# [Data for review]
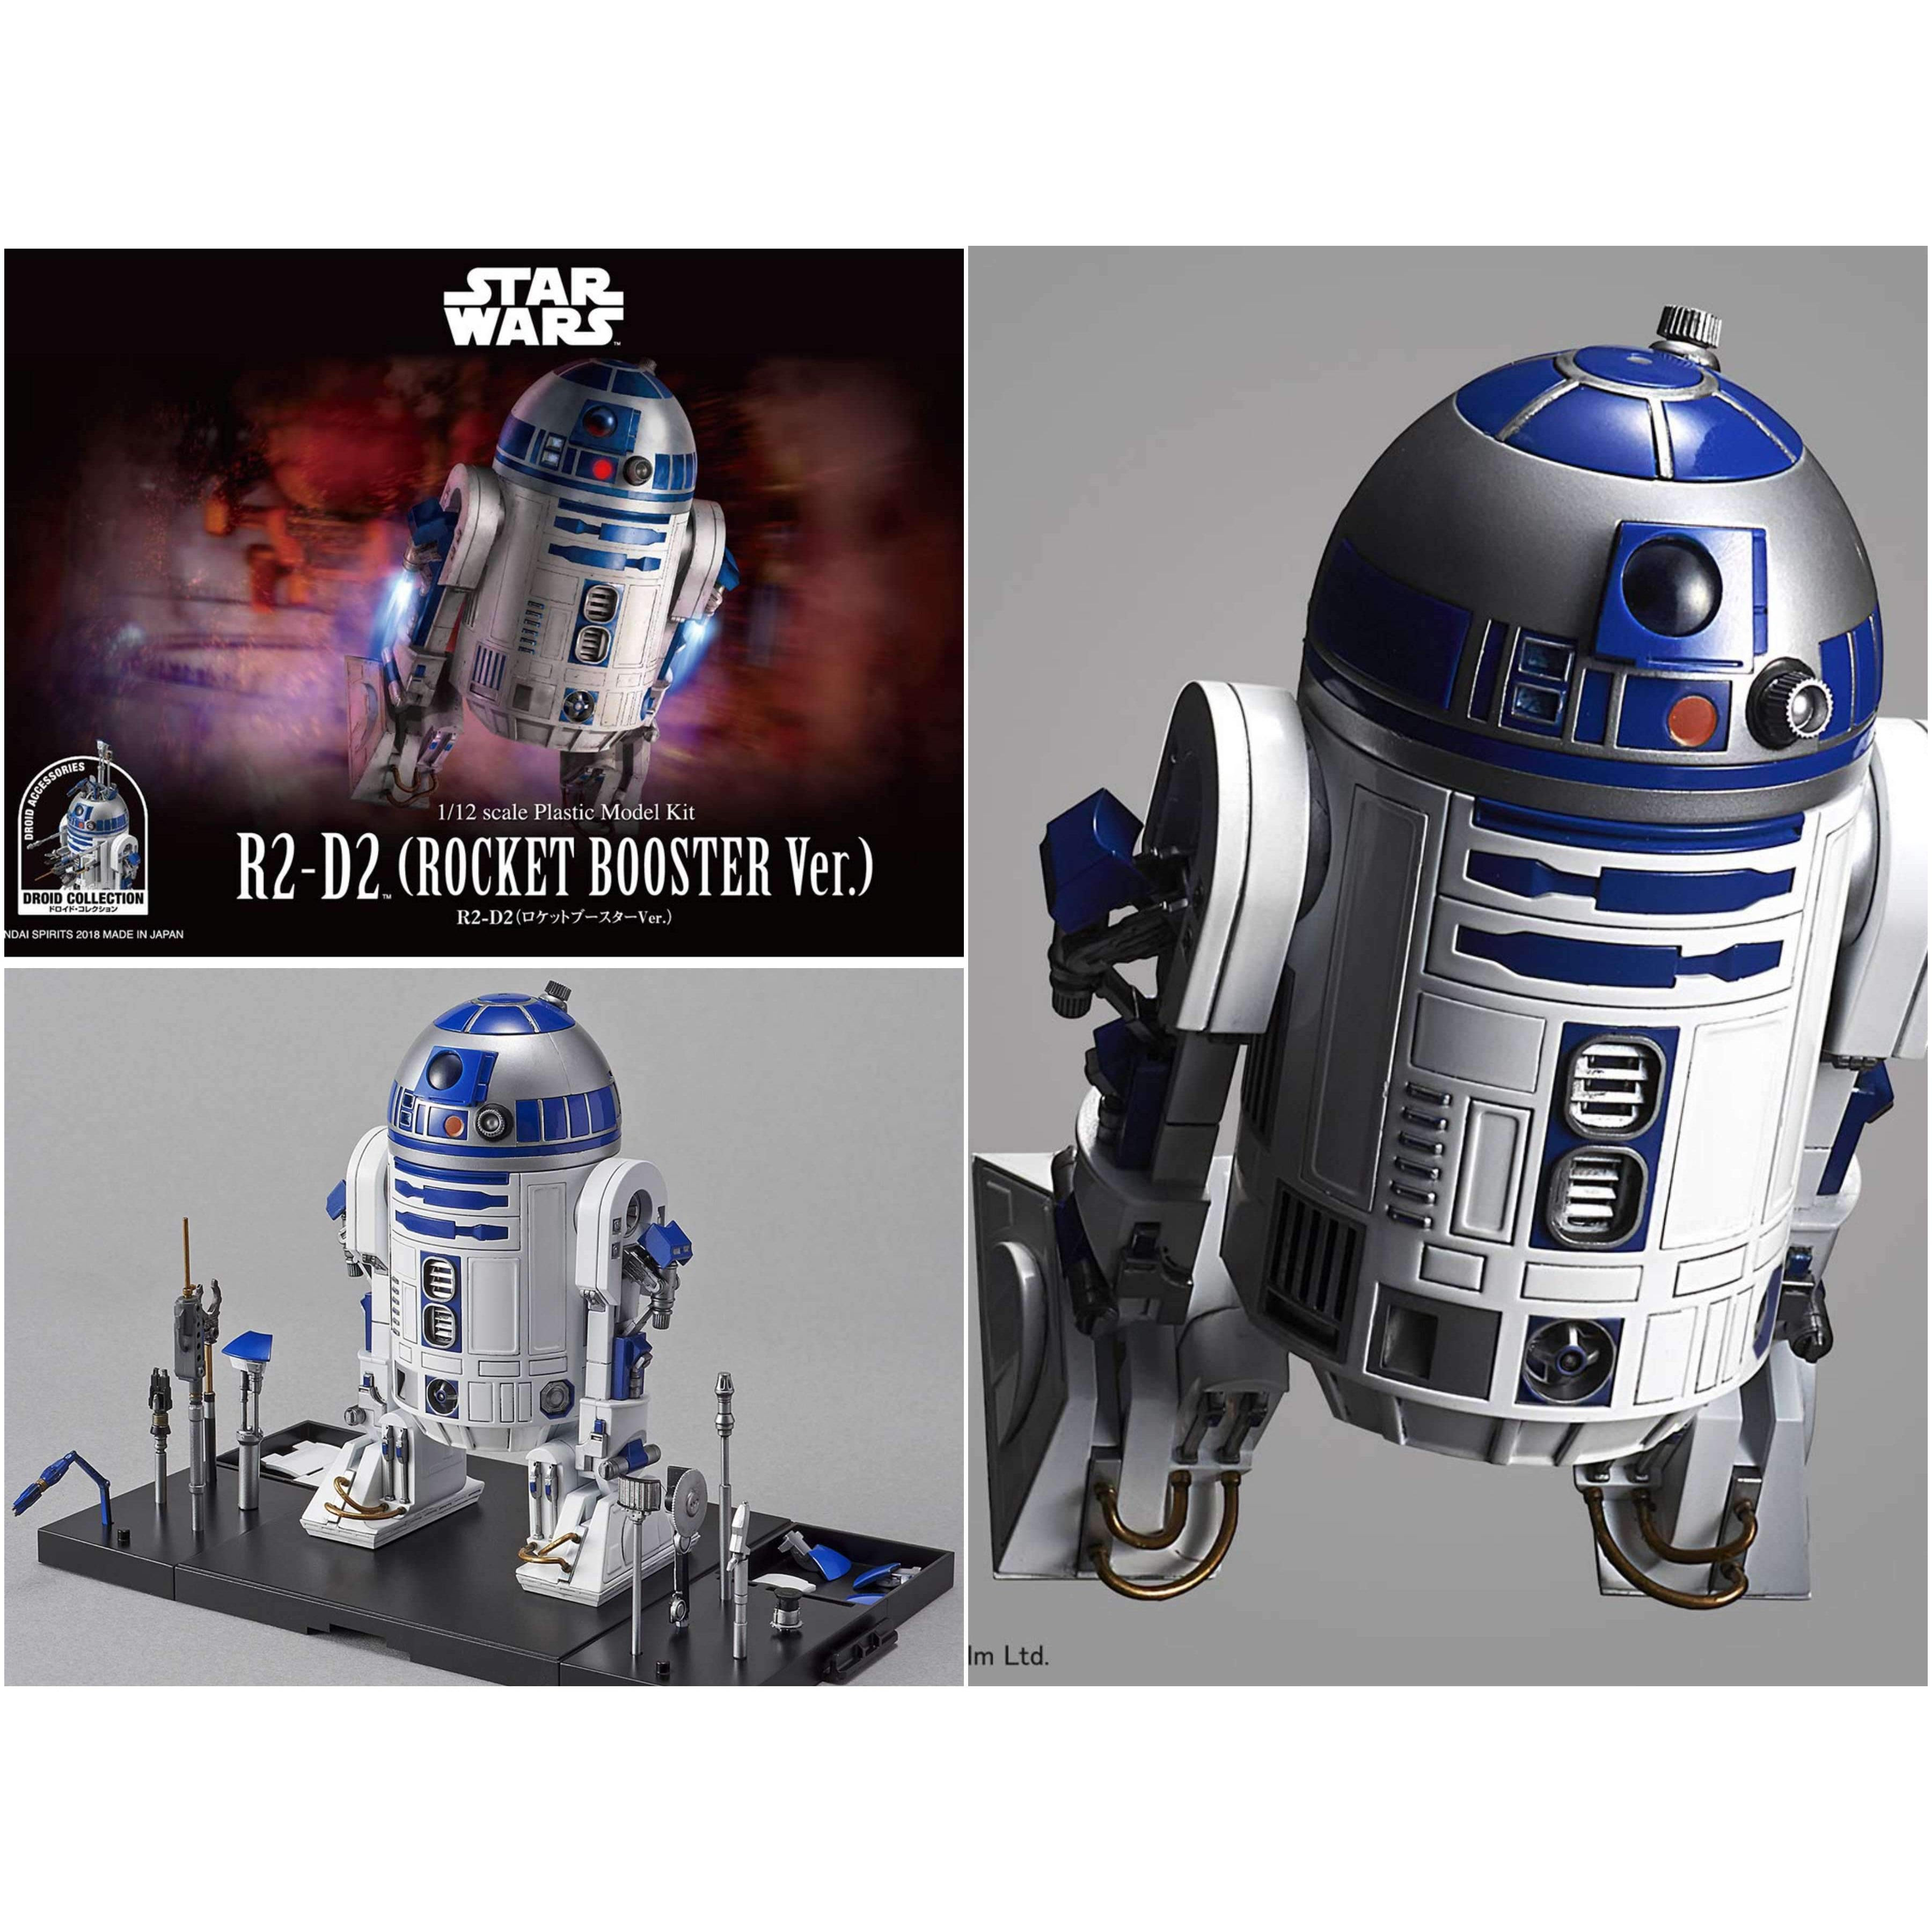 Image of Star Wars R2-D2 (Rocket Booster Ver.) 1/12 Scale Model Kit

* * *

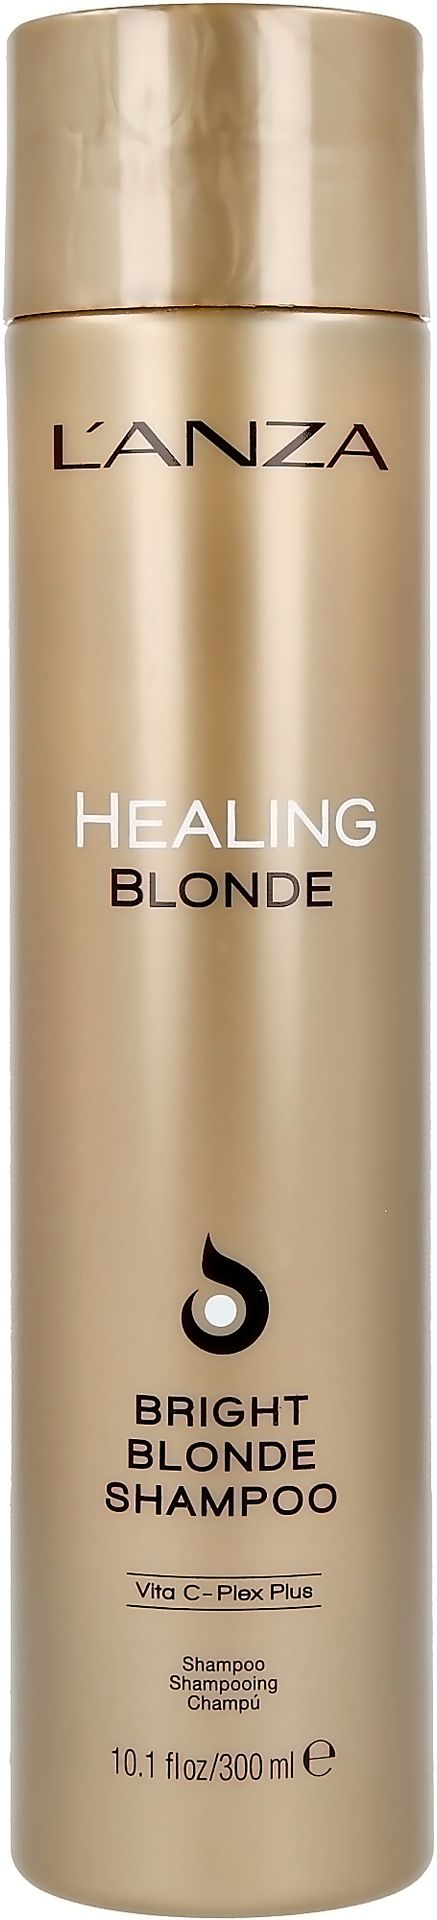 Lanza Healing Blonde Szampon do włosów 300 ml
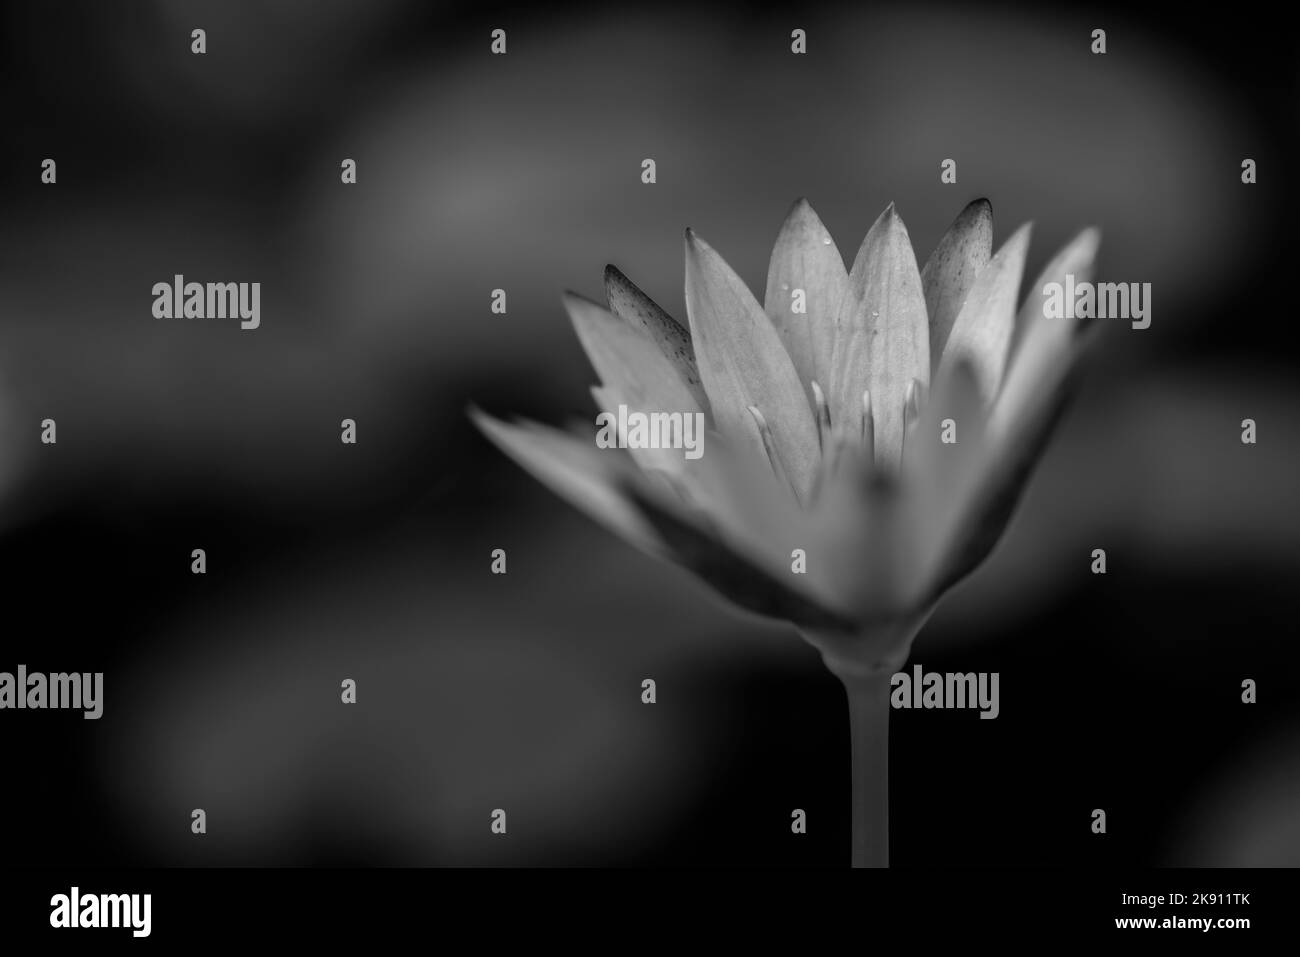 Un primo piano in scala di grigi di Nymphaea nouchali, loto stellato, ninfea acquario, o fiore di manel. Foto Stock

# [What the exercise asks]
Look above for the line with "Lanza Healing Blonde" and the line with "Un primo piano", then copy exactly the lines from the first through the second, both kept, with no pictures.

# [Solution below]
 Lanza Healing Blonde Szampon do włosów 300 ml
 Un primo piano in scala di grigi di Nymphaea nouchali, loto stellato, ninfea acquario, o fiore di manel. Foto Stock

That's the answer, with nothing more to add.